[Task brief]
Below are the entries. Transcribe exactly the lines from the one with "Precipitation accumulations for Germany" through the one with "ginstr_app_labourTimePerLocation_FR_6", ends included, and leave out all others.

[Data entries]

——————

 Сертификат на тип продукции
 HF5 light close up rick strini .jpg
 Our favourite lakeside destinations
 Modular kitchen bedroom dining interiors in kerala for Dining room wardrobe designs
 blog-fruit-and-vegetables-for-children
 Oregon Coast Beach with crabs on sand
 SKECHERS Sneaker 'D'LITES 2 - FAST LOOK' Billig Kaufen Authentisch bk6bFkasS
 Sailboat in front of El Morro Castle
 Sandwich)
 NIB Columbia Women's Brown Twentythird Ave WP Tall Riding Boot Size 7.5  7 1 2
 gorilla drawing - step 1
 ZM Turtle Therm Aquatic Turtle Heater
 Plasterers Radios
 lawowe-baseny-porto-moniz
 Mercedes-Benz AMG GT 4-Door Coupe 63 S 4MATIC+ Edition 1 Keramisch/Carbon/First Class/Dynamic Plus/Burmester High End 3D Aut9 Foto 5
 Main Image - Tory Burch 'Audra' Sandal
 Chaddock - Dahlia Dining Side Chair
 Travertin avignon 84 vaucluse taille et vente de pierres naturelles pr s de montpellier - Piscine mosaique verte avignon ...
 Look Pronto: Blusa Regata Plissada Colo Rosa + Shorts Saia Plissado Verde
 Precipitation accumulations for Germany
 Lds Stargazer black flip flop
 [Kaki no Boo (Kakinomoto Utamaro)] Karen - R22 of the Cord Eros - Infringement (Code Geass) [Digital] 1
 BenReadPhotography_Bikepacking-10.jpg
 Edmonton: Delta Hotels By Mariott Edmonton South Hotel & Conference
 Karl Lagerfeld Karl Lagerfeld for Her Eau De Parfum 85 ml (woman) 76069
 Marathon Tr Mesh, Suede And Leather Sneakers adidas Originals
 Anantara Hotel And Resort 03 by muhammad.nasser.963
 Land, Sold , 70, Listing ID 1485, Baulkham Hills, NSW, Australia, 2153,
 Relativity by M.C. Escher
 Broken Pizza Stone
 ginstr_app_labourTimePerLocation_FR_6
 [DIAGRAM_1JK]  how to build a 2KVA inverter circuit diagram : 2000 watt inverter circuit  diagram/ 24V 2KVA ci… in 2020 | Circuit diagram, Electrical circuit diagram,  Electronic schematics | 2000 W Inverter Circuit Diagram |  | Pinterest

——————

[Answer area]
 Precipitation accumulations for Germany
 Lds Stargazer black flip flop
 [Kaki no Boo (Kakinomoto Utamaro)] Karen - R22 of the Cord Eros - Infringement (Code Geass) [Digital] 1
 BenReadPhotography_Bikepacking-10.jpg
 Edmonton: Delta Hotels By Mariott Edmonton South Hotel & Conference
 Karl Lagerfeld Karl Lagerfeld for Her Eau De Parfum 85 ml (woman) 76069
 Marathon Tr Mesh, Suede And Leather Sneakers adidas Originals
 Anantara Hotel And Resort 03 by muhammad.nasser.963
 Land, Sold , 70, Listing ID 1485, Baulkham Hills, NSW, Australia, 2153,
 Relativity by M.C. Escher
 Broken Pizza Stone
 ginstr_app_labourTimePerLocation_FR_6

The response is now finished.